4 - De sol a chuva

 

 

O Maestro é a escola pública estadual, mais próxima de minha casa – somente escolas estaduais têm ensino médio. E é para lá que devo me dirigir no dia seguinte. Acho que não vai ser tão horrível, sou bom em me enturmar. Não tenho dificuldades.

 

Eu seria a novidade, o filho de Renata que veio do Rio, talvez um grande atrativo para as gatinhas, poderia tirar proveito disso. Tenho um corpo malhado e bronzeado – apesar de que em poucos meses sem sol esse bronzeado suma completamente. Tenho a pele levemente dourada no seu natural, e um ar pálido, até doentio. O sol me dava uma excelente camuflagem, agora não haveria mais ele.

 

Quando terminei de, literalmente, jogar minha roupa no armário, peguei minha toalha de banho, roupas limpas e fui ao banheiro. Era de frente para o meu quarto e a porta estava aberta, foi fácil de achá-lo. Tomei um banho rápido e enrolei a toalha na minha cintura. Parei na frente do espelho para arrumar meu cabelo. Eles são negros, um pouco ondulados e meus olhos são pretos também, mas sou bonito. Tenho um sorriso perfeito, apesar de manter o ar sério, tipo indiferente, para deixar as garotas mais caídas por mim.

 

Pisquei para minha imagem no espelho.

 

Dormi muito pouco aquela noite. Após o jantar resolvi inaugurar meu novo computador, checar se a internet estava funcionando e aproveitei para falar com meus amigos – agora distantes – pelo Orkut. Ao fundo era audível a chuva caindo. Ouvi a coisa horrorosa latir. Se aquela coisa latisse durante a noite eu não resistiria em dar-lhe um pontapé.

 

Só o que se via pela janela eram as nuvens densas e cinzentas que escondiam o maravilhoso sol.
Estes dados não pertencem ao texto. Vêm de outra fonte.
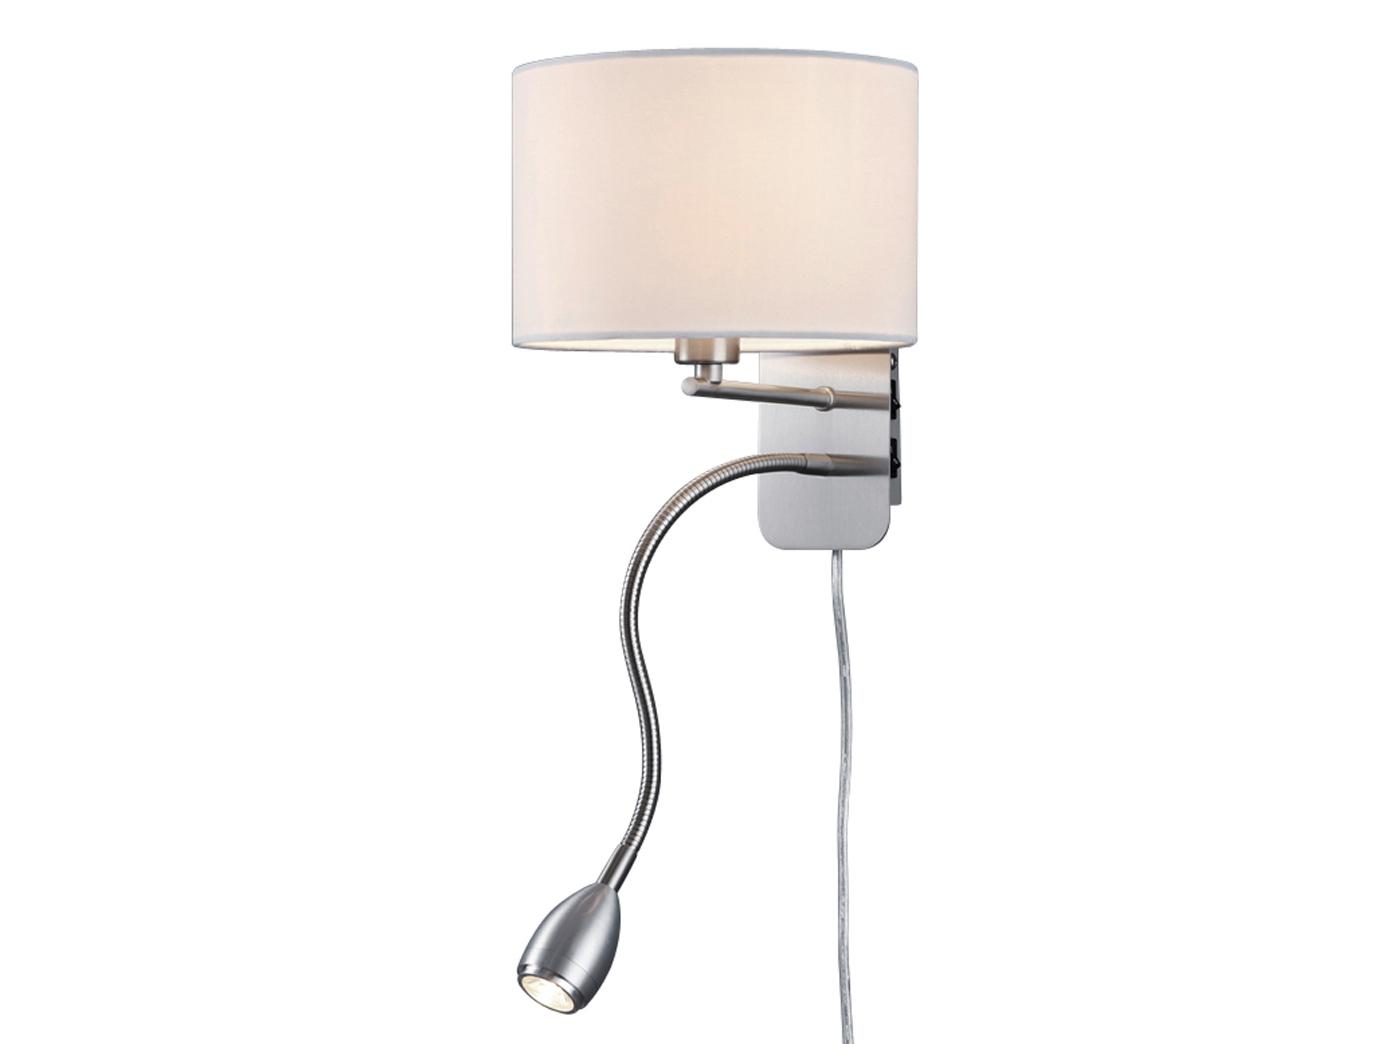 Wandleuchte mit Stoffschirm weiß und LED Leselampe fürs Bett - Stecker  Kabel - yatego.com

Não tinha certeza de que me acostumaria com a chuva.

 

O café da manhã com minha mãe foi um pesadelo. Ela me beijou no rosto e ficou falando animadamente sobre a escola, se ofereceu desesperadamente para me dar uma carona até lá, mas eu recusei com veemência – já imaginou ela me beijando de despedida?

 

Ela foi derrotada e me explicou o caminho para a escola. Era simples, caminhar até a rua principal e depois ir toda vida reto até o final do mundo para chegar na escola. Ótimo, seriam dois quilômetros de caminhada.

 

Minha mãe saiu, dando outro beijo molhado e me dando uma sombrinha para guardar na mochila. Sinal de que realmente só chove nessa cidade.

 

Depois que ela partiu com todas as recomendações comuns às mães, fiquei observando a cozinha. Era simples, mas muito bem decorada e cuidada. Uma estante na sala, que era visível de onde eu sentava, chamou minha atenção. Caminhei até ela e congelei de horror.

 

Aquilo era um pesadelo!

 

Uma procissão de fotos minhas, desde bebê até a do último aniversário. Vou matar meu pai! Ele tinha que mandar essas fotos para ela? Que horrível. Se eu fizesse um amigo e ele viesse me visitar, eu sumiria com aquelas fotos, com certeza.

 

Era fácil notar que minha mãe ainda não havia superado os erros do passado. Fotos do casamento com meu pai e de minha infância predominavam aquelas estantes. Era como se o tempo não tivesse passado, como se eles fossem recém casados com um filho pequeno.

 

   Mas o casal já não estava mais junto. E o filho já não era pequeno – de longe meu 1,80 m podem ser pequenos.